Including related models is just as declarative. Adding ?include=category to a products request eager-loads the relationship — but only if 'category' is listed in allowedIncludes().
Real API Examples:
Here’s what your API URLs look like in practice — clean, composable, and entirely driven by the whitelist you define:
GET /api/products?filter[status]=active&include=category
Active products with category eager-loaded
GET /api/products?filter[price_range]=100,500&sort=price
Price between $100–$500, sorted ascending
GET /api/products?filter[in_stock]=true&filter[is_featured]=true
In-stock featured items only
GET /api/products?filter[category]=electronics&sort=-created_at
Filter by category slug, newest first
GET /api/orders?filter[date_range]=2024-01-01,2024-06-30&sort=-total
H1 orders, highest value first
GET /api/orders?filter[status]=delivered&filter[min_total]=200
Delivered orders over $200
GET /api/categories?filter[has_active_products]=true&include=products
Categories with live products
Wrapping up:
Spatie Query Builder brings a declarative, secure, and consistent pattern to API filtering in Laravel. Instead of growing a tangle of if statements, you maintain a clear allow-list and a small library of composable filter classes.
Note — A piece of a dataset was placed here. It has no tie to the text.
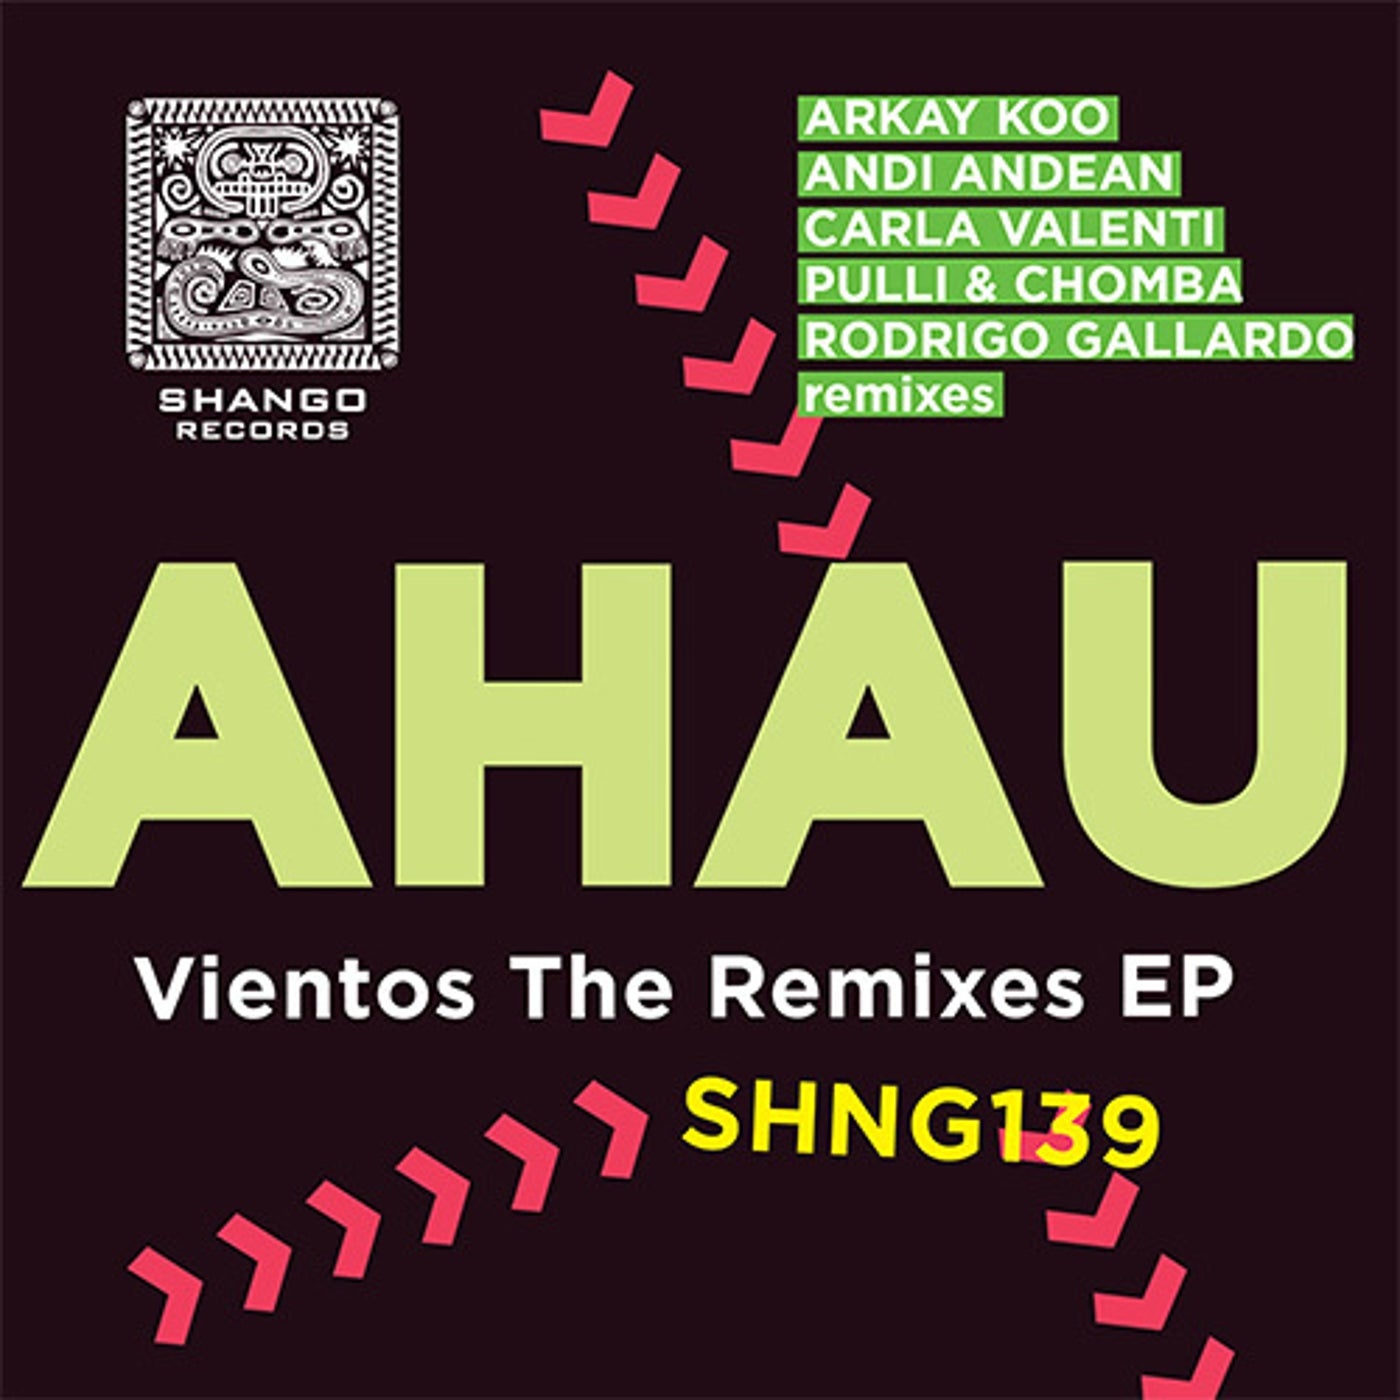 Ahau - Vientos The Remixes EP [SHNG139]

The three custom filters in this project — InStockFilter, PriceRangeFilter, and DateRangeFilter — demonstrate how easy it is to handle real-world edge cases without leaking logic into the controller layer.
The full source code with migrations, seeders, and all three models is available in the GitHub repository linked at the top of this post. Clone it, run the migrations, and you’ll have a working filterable API in minutes.